Say Less And Listen More. Learning From The Edges.

I recently heard an amazing story from Paul Bennett, Cheif Creative Officer at IDEO, that illustrated the power of quiet observation, saying less and listening more.

In 2009, Paul traveled to Grameen Bank an hour outside of Dhaka in Bangladesh as part of a corporate tour party, “Inside Grameen”. It was sweltering hot in the small stuffy branch office as various officials spoke about the glowing wonders of Grameen, its local workers, and Grameen Bank’s founder, the much-lauded Nobel Peace Prize winner Muhammad Yunus. The small, sugary tea biscuits and strangely incongruous mini-bananas he was given to eat were melting and swarming with flies. He was surrounded by curious, gentle-eyed locals with gazes fixated on the guest speakers. The tea itself, made with local water, sat there; they were all too afraid to drink it. Paul tried to maintain the impression of being interested, trying to stay engaged, to act respectfully ceremonious, but the phrase “Poverty Tourism” kept ringing in the back of his mind.

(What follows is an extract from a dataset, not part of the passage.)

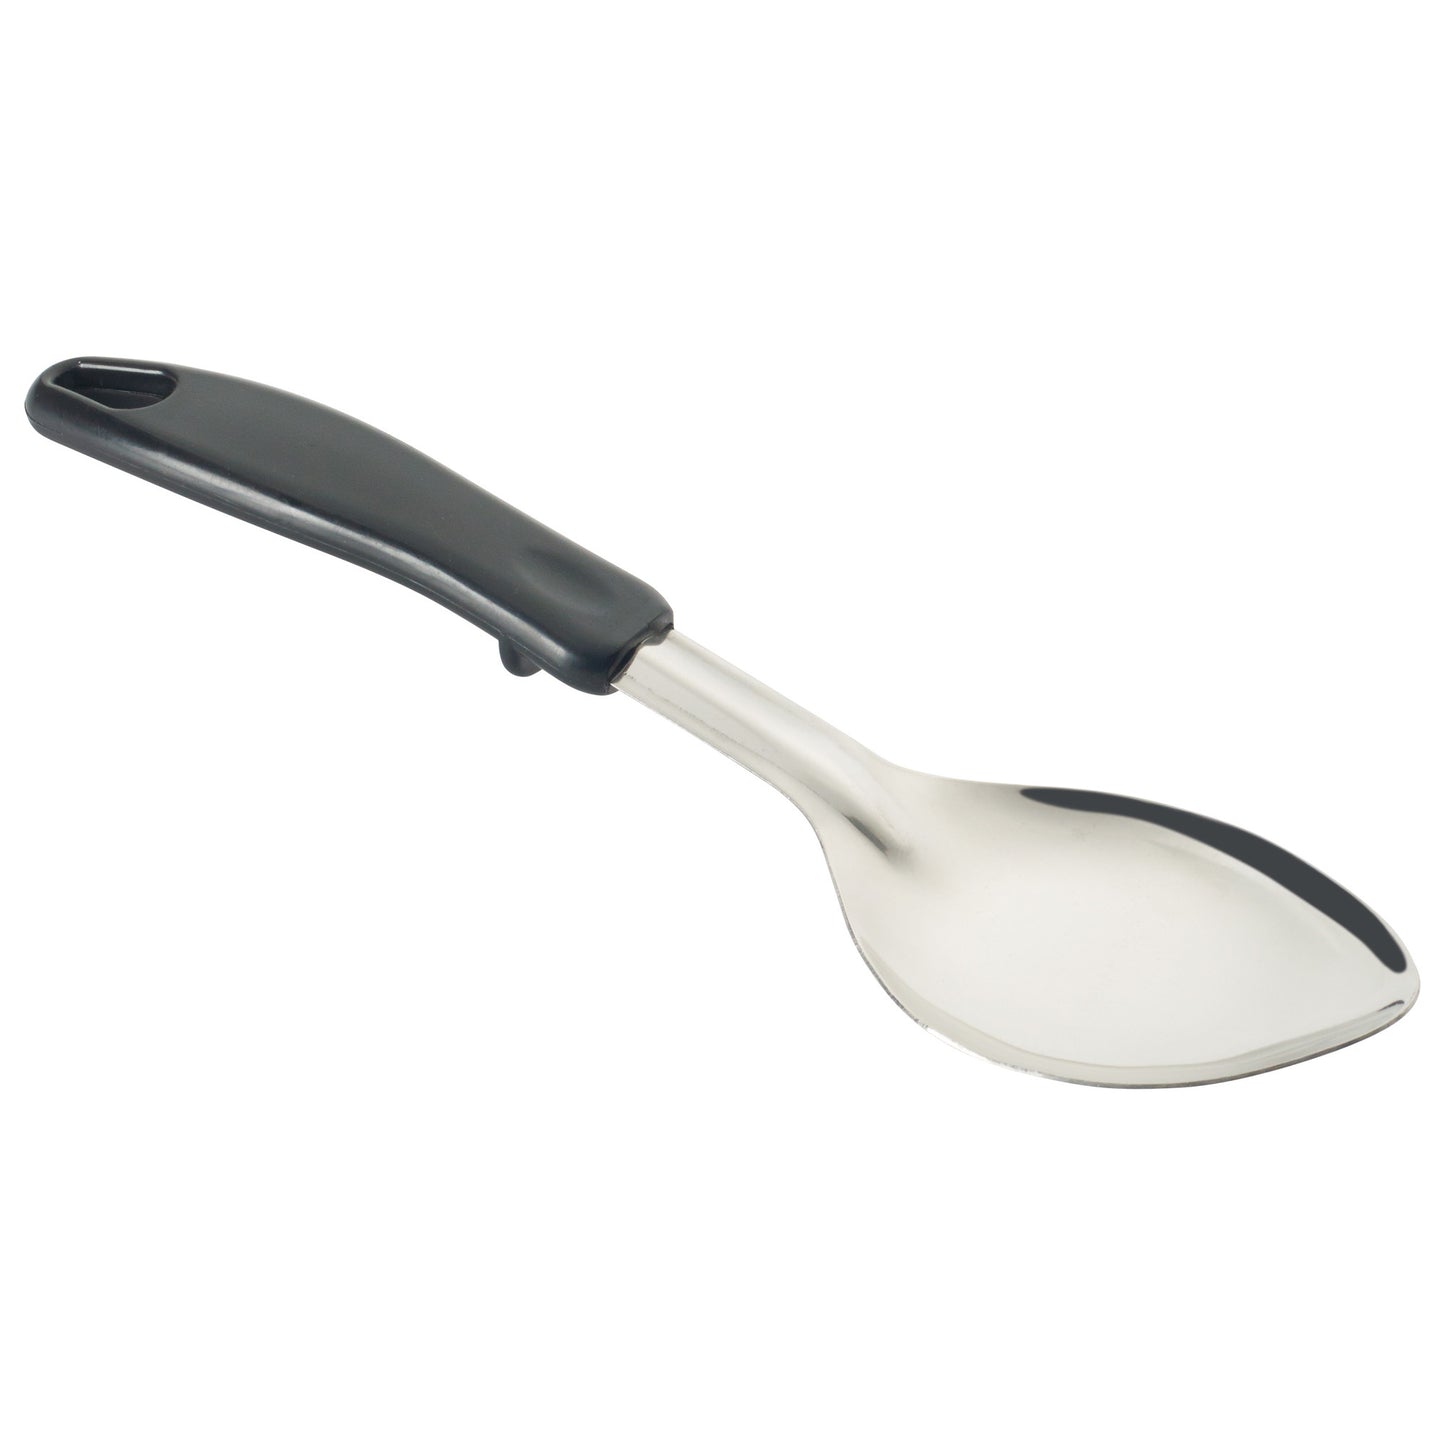 BHOP-11 - Basting Spoon with Stop-Hook Polypropylene Handle - Solid, 11"
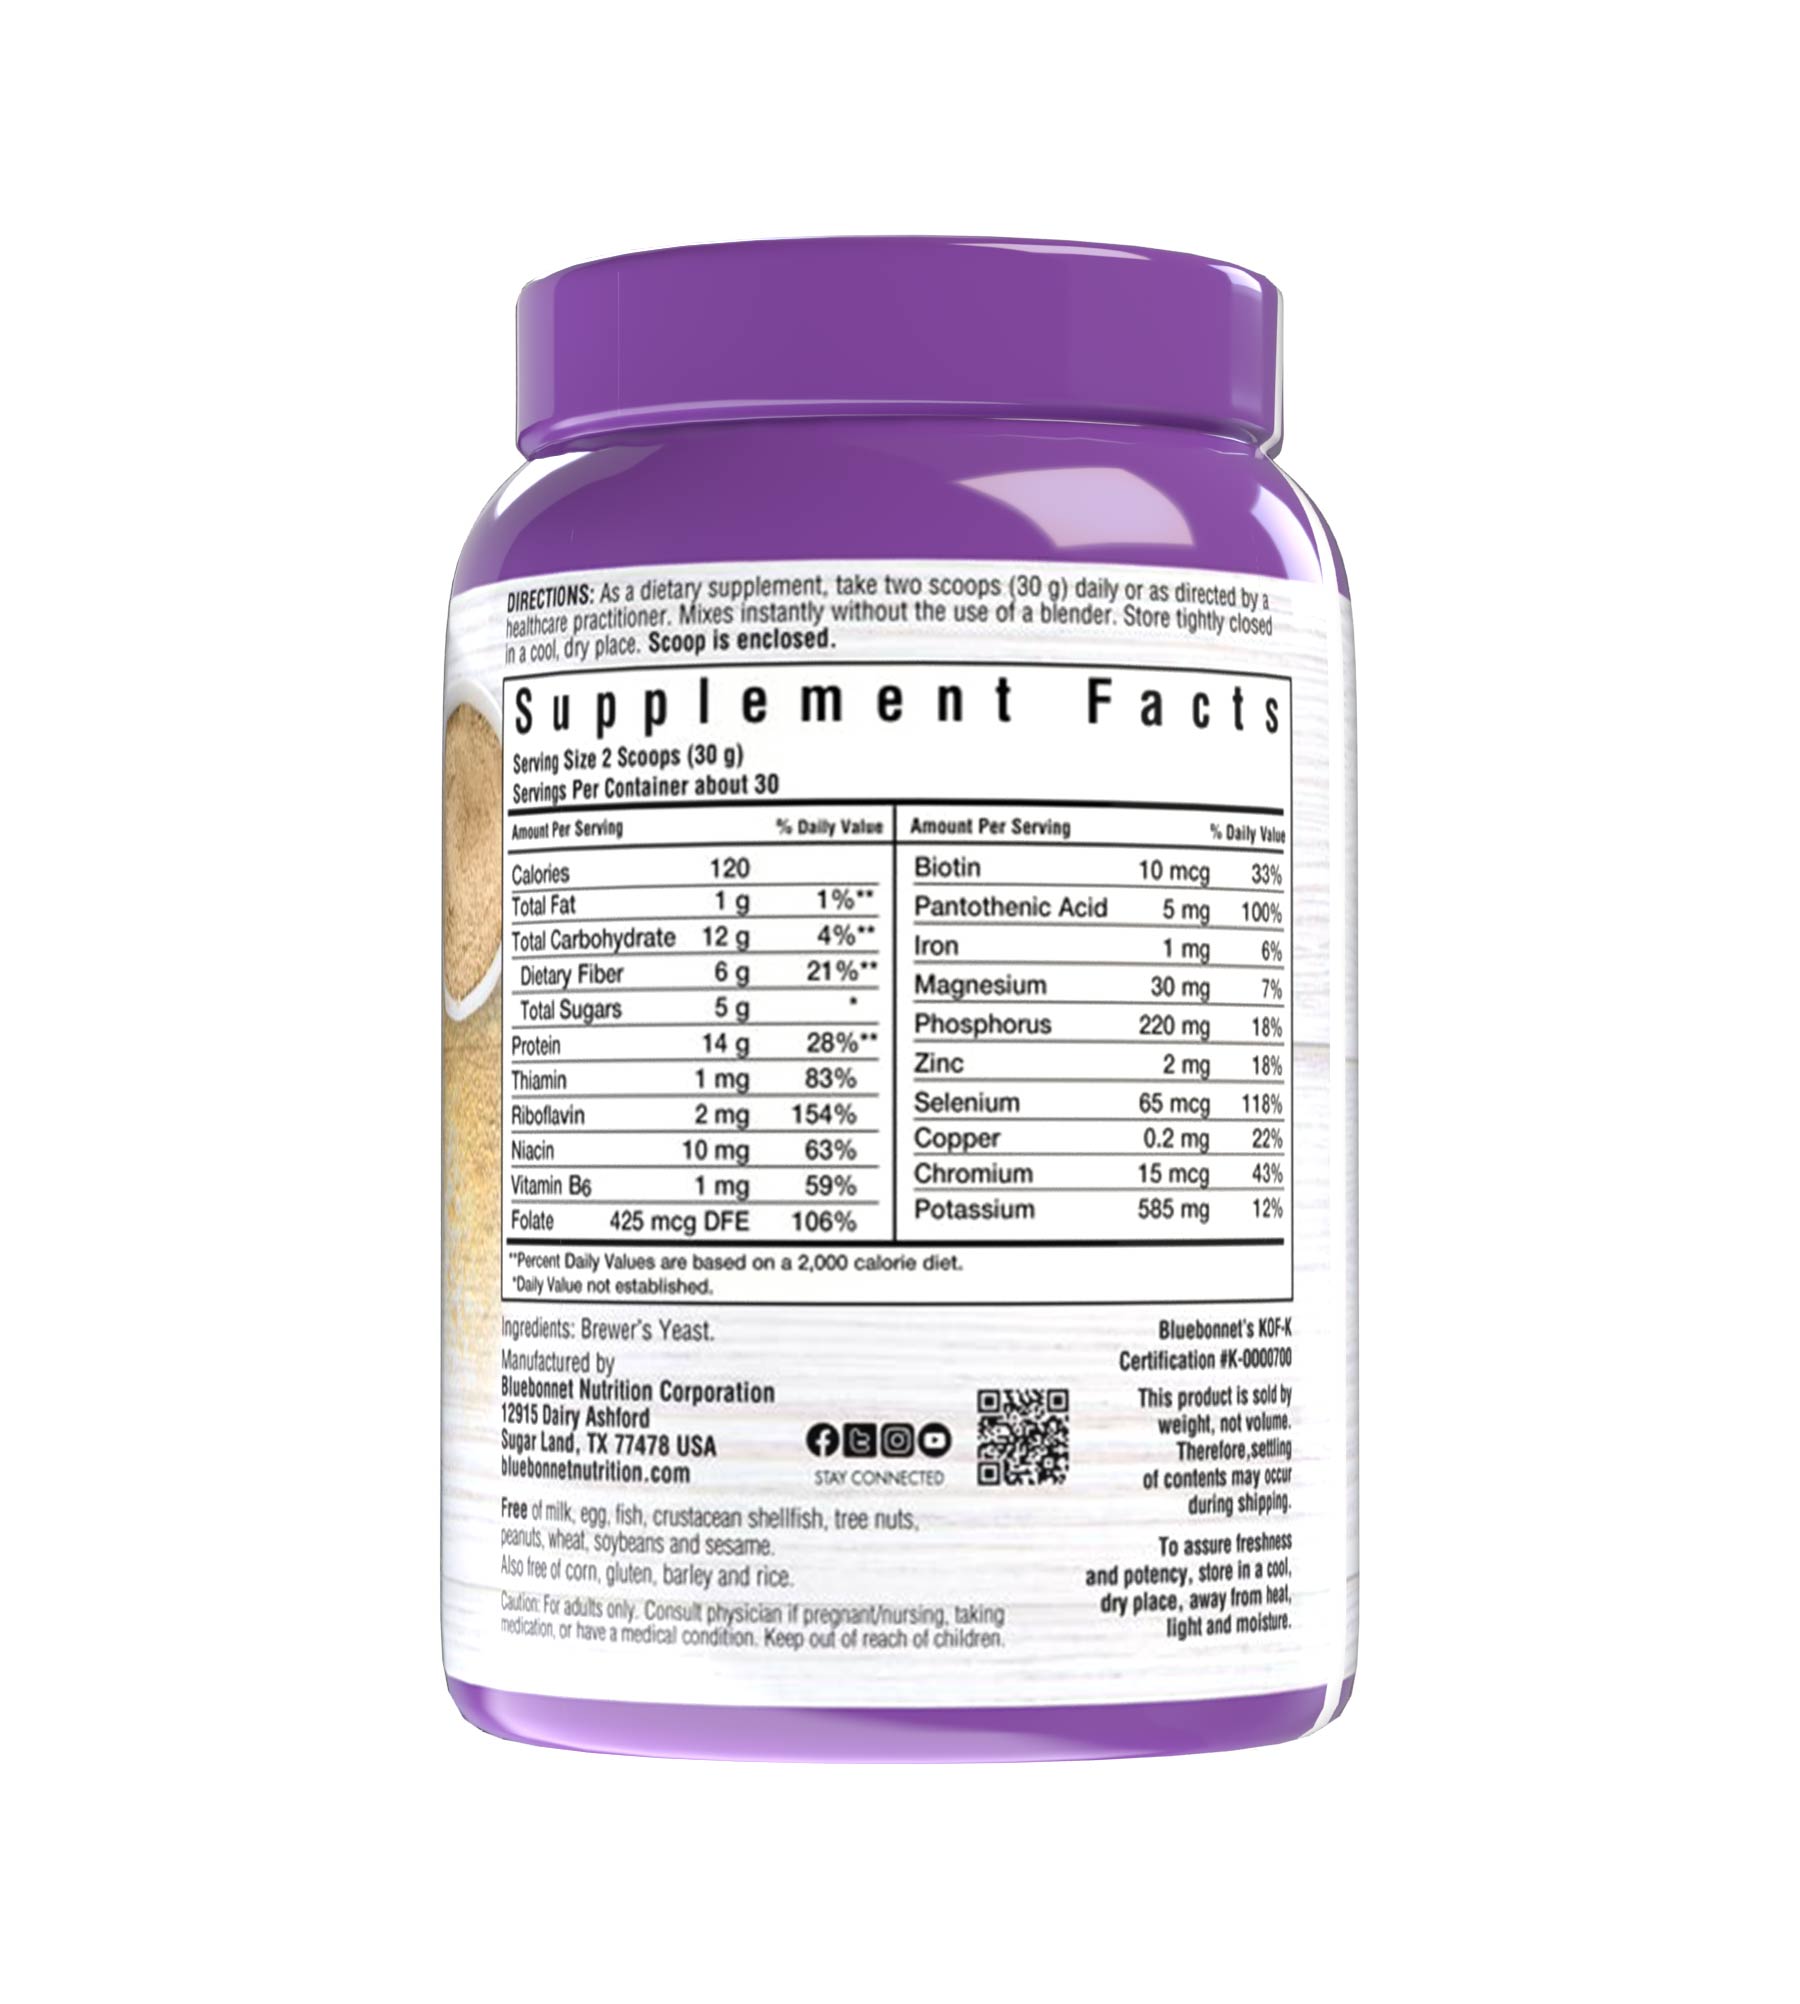 Bluebonnet’s Super Earth® Brewer’s Yeast Powder is formulated with a select strain of Saccharomyces cerevisiae that is carefully grown on certified non-GMO sugar beet molasses instead of the typical grain-derived brewer’s yeast that is recovered from the beer-brewing process. Supplement facts panel. #size_2 lb

Sitting in the back of three assembled rows of people was a mother and son. The son was a young man dressed in his smartest shirt and cleanest pants. The mother wore a bright green veil but Paul couldn’t see her eyes; she refused to look at Paul, resolutely staring down. He got the sense that she did not understand much of the hoopla that was going on and probably felt a bit forced into the situation. They were sitting next to two other young men and two young women, all of whom were clearly model Grameen protégés. Each person falteringly told a story of how Grameen had helped them, but it is the story of this mother and son that really stuck with Paul.

Yunus began telling her story, explaining how she was illiterate and did not speak any English, but more importantly, she was consumed by her shame, hence the hanging of her head. She had been a beggar, abandoned by her husband at a very young age and forced to live on the street. One of her three young children had died. She was penniless and had no choice but to beg trawling from person to person for money to feed her children first and then herself. She had often feared that her other children might die.

Eventually, after hearing about it through a local community network, she had asked for and been granted a Grameen Bank “Struggler” Loan. She explained that they are called “Struggler Loans” and not “Beggar Loans” for a reason: because everyone is struggling, some more than others. The loan she took out was the equivalent of $12. With that money, she bought a cow; Grameen’s 16 Decisions philosophy dictates that any money loaned not only goes towards purchases, but more importantly, towards changing a person’s life fundamentally. Although she only earned a small amount of money with the cow she was able to repay her loan plus the accumulated interest. Horrified to learn that they charged a street-beggar interest, Paul later discovered that interest was in itself a form of dignity, that everyone, whatever their circumstances, is taken seriously as a customer and charged accordingly.

After many years, she bought another cow. Following another of the 16 Decisions, Yunus had to put a child through school as part of Grameen’s explicit written social contract that the money was to be “invested” somehow in the borrower’s future. Her future was her son. For years and years she struggled to put him through school, and eventually he was accepted to a university in Bangladesh. And, he had just graduated from college at the top ten percent of his class with a degree in mathematics.

After Yunus spoke, Paul went up to the mother and son. She looked up tentatively through her veil as Paul asked her son for his contact information. Paul said to him: “Your mother must be so proud of you.” “No Sir,” he replied without a moment’s hesitation, “I am so proud of my mother.”

Why did Paul tell me this story? He learned two things from that trip. First, that it’s so rare in life we get to see for ourselves the first-hand impact of the things that we do, but when we do, it’s truly powerful. To truly connect, even if it’s through one person and their story, speaks volumes over any number of anonymous statistics and pie charts. Paul has read countless books and white papers on micro-finance and its effects, but seeing the impact on one family convinced him a million times more than reading about it in print.

Secondly, Paul learned an important lesson about the function of business. A successful business is not about transaction, it is about meaning. It is about empathy, morality and humility. It is not about the quantity of big bold interactions, but the quality of small, intimate ones. Grameen happens to be a bank, but it is operating from a place of higher purpose, to elevate the lives of its customers. As Paul said, “It’s not a bank, it’s a dignity-engine.”

UNCOMMON SENSE OBSERVATIONS

  • Talk less and you’ll hear and see more.
  • There’s always more to the story, if you look and listen closely.
  • Your eyes hear more than your mouth.